But that would leave me and our girls homeless. It's weird to have to stand up to him - my instinct is still to try and make things easy for him.
I'm trying to sort out benefits so I have some income, but can't get my head around all the forms. Need to sit down with someone to help me understand it all.

Bibbidee Sun 12-Nov-17 22:53:41

@MrsY

Ah this is tough news. Completely agree that it is difficult changing tact in your dealing with him when you're so used to compromising with him. But you need to protect your own interests now, it takes a mind shift to do this but it's absolutely necessary.

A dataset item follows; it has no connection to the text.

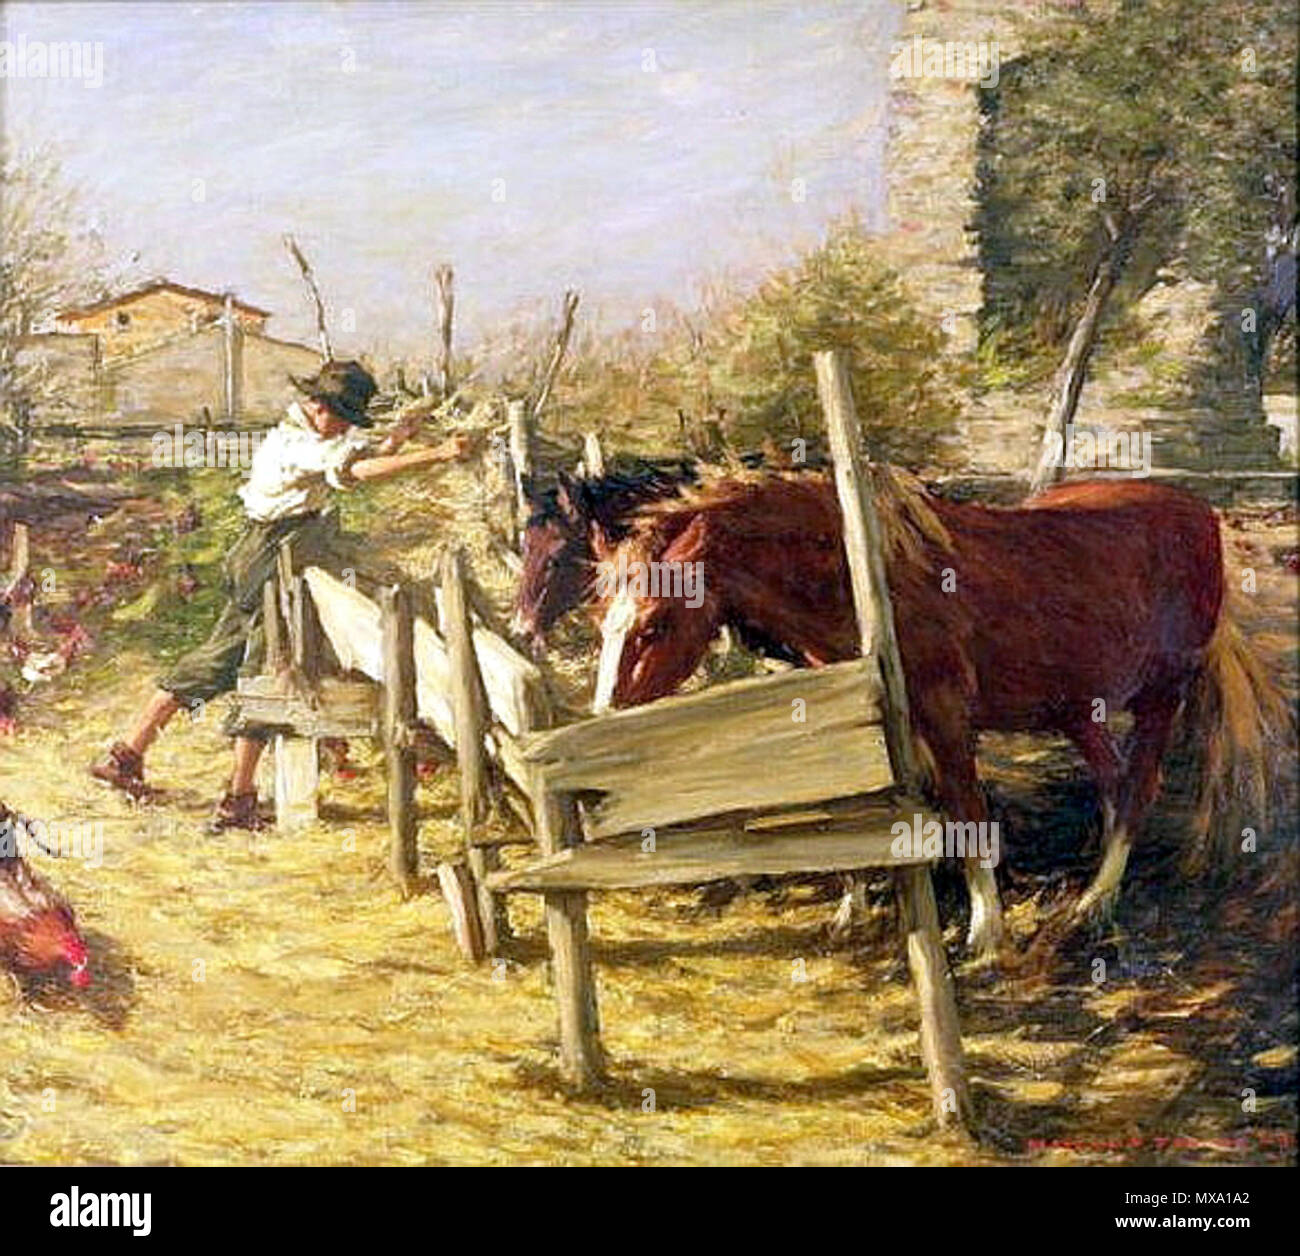 . The Appian Way . Unknown date.    Henry Herbert La Thangue  (1859–1929)     Alternative names Henry Herbert LaThangue; Henry La Thangue; Henry Herbert la Thangue; Henry Herbert Lathangue; La Thangue  Description English painter Realist painter and associated with the Newlyn School  Date of birth/death 19 September 1859 21 December 1929  Location of birth/death London London  Work location Bretagne, London, Category:Norfolk  Authority control  : Q1606851 VIAF: 25469415 ISNI: 0000 0000 6681 1384 ULAN: 500004645 LCCN: n89654016 WGA: LA THANGUE, Henry Herbert WorldCat 274 Henry Herbert La Thangu Stock Photo

Where I am the council has outsourced a lot of their services to charities to help with housing and benefits and one of these organisations might help you fill in the necessary forms such as tax credits etc or the CAB might help you? Have a look at free school meals as well?

Unsurewhattod0 Tue 14-Nov-17 07:42:28

Same thing happened to me. She checked out, cheated and wouldn’t accept any possibility of trying to save the relationship. Eventually I discovered that I too wanted out as well, moved and have now found happiness. Focus on what you want, what’s best for your kids and make positive plans for the future. It does get easier. For me it didn’t take a lot of time but each person is different so don’t beat yourself up about what he is doing.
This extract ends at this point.